## [Problem description]
Of all the lines in the entries below, give again exactly those starting at the line containing "Oscillating Multi Function" and ending at the line containing "चित्र:Indian elephant (PSF).png - विकिपीडिया", both ends included, and no others.

START Input material

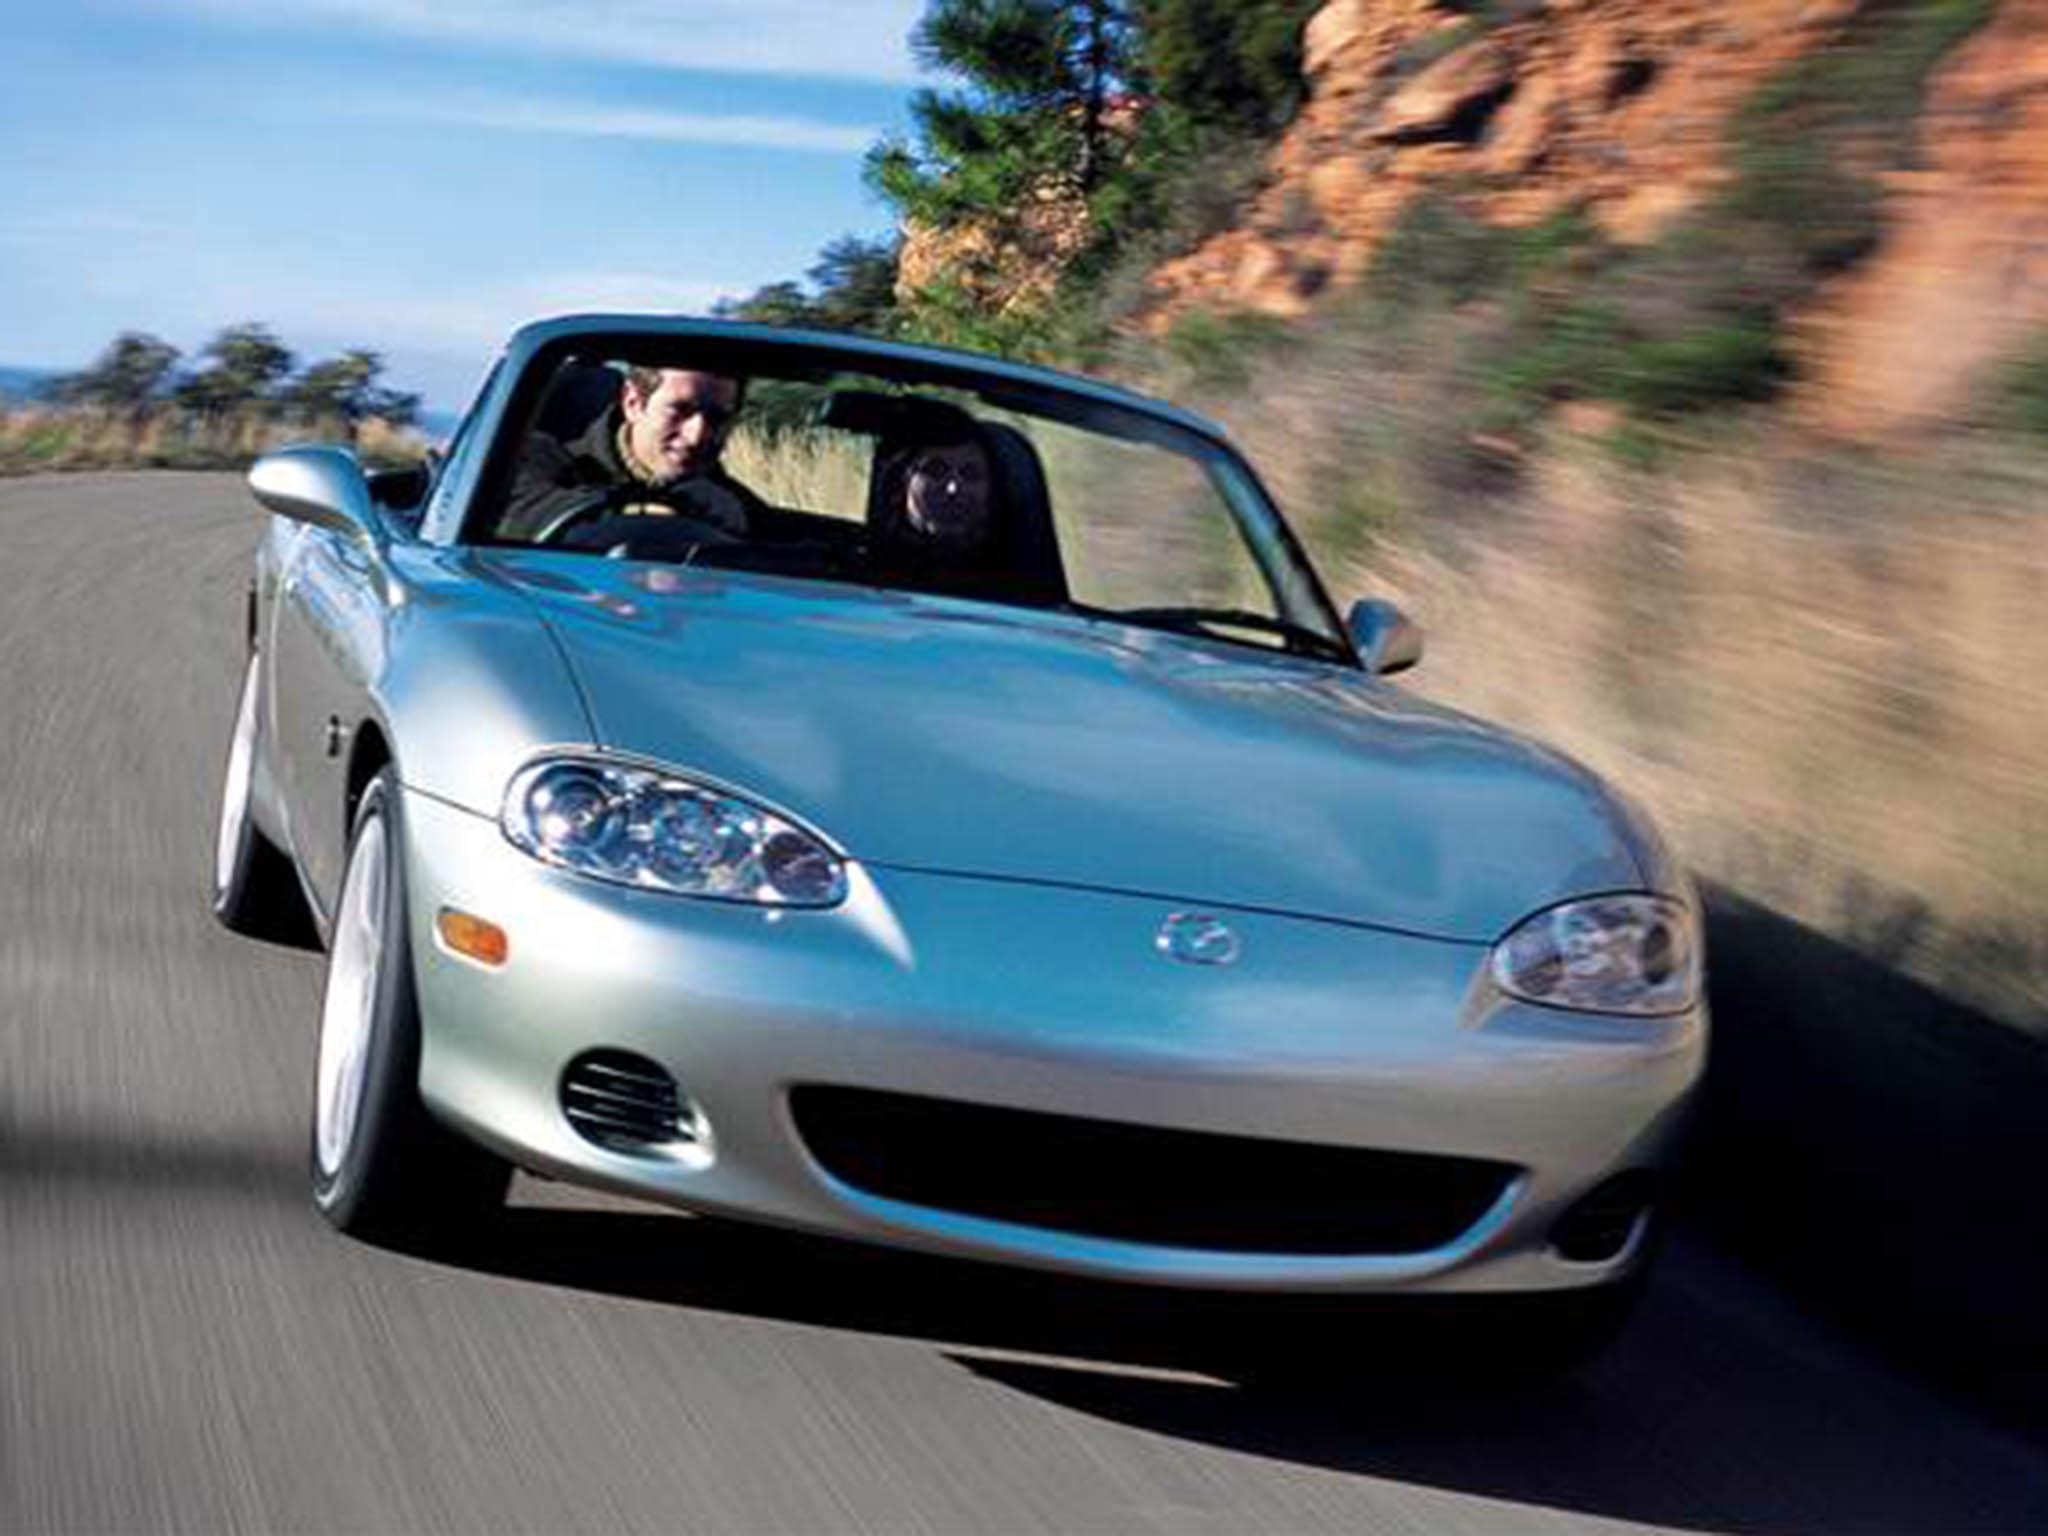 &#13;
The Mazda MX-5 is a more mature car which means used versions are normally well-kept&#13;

END Input material
START Input material

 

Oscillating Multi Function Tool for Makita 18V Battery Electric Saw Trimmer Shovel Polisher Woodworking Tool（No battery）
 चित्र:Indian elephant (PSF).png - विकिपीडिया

END Input material
START Input material

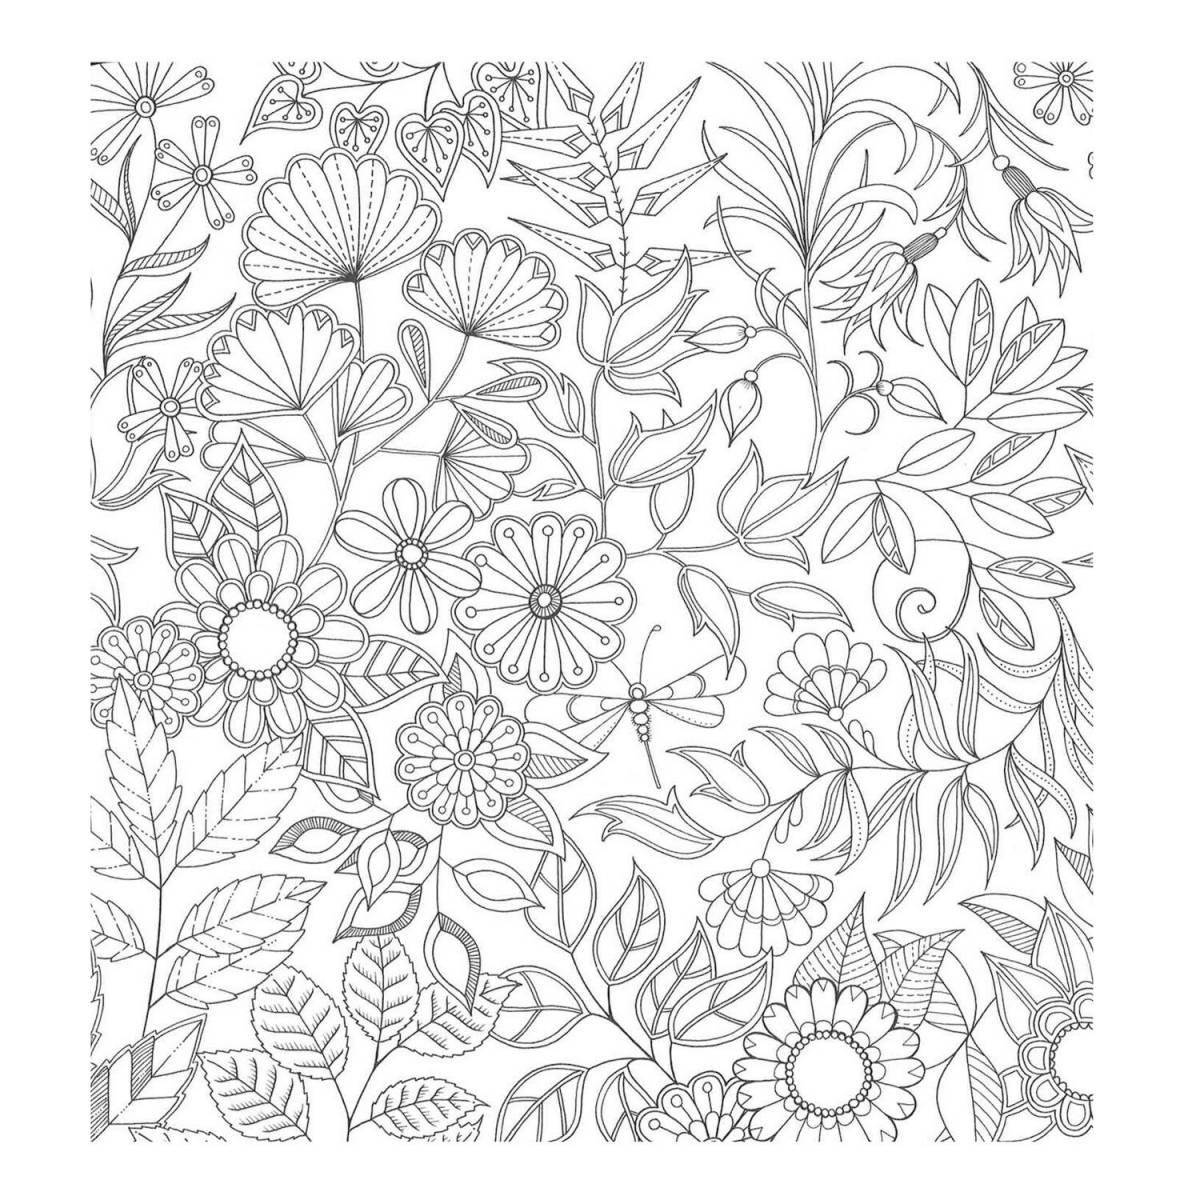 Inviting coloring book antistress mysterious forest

END Input material

## [Task response]
Oscillating Multi Function Tool for Makita 18V Battery Electric Saw Trimmer Shovel Polisher Woodworking Tool（No battery）
 चित्र:Indian elephant (PSF).png - विकिपीडिया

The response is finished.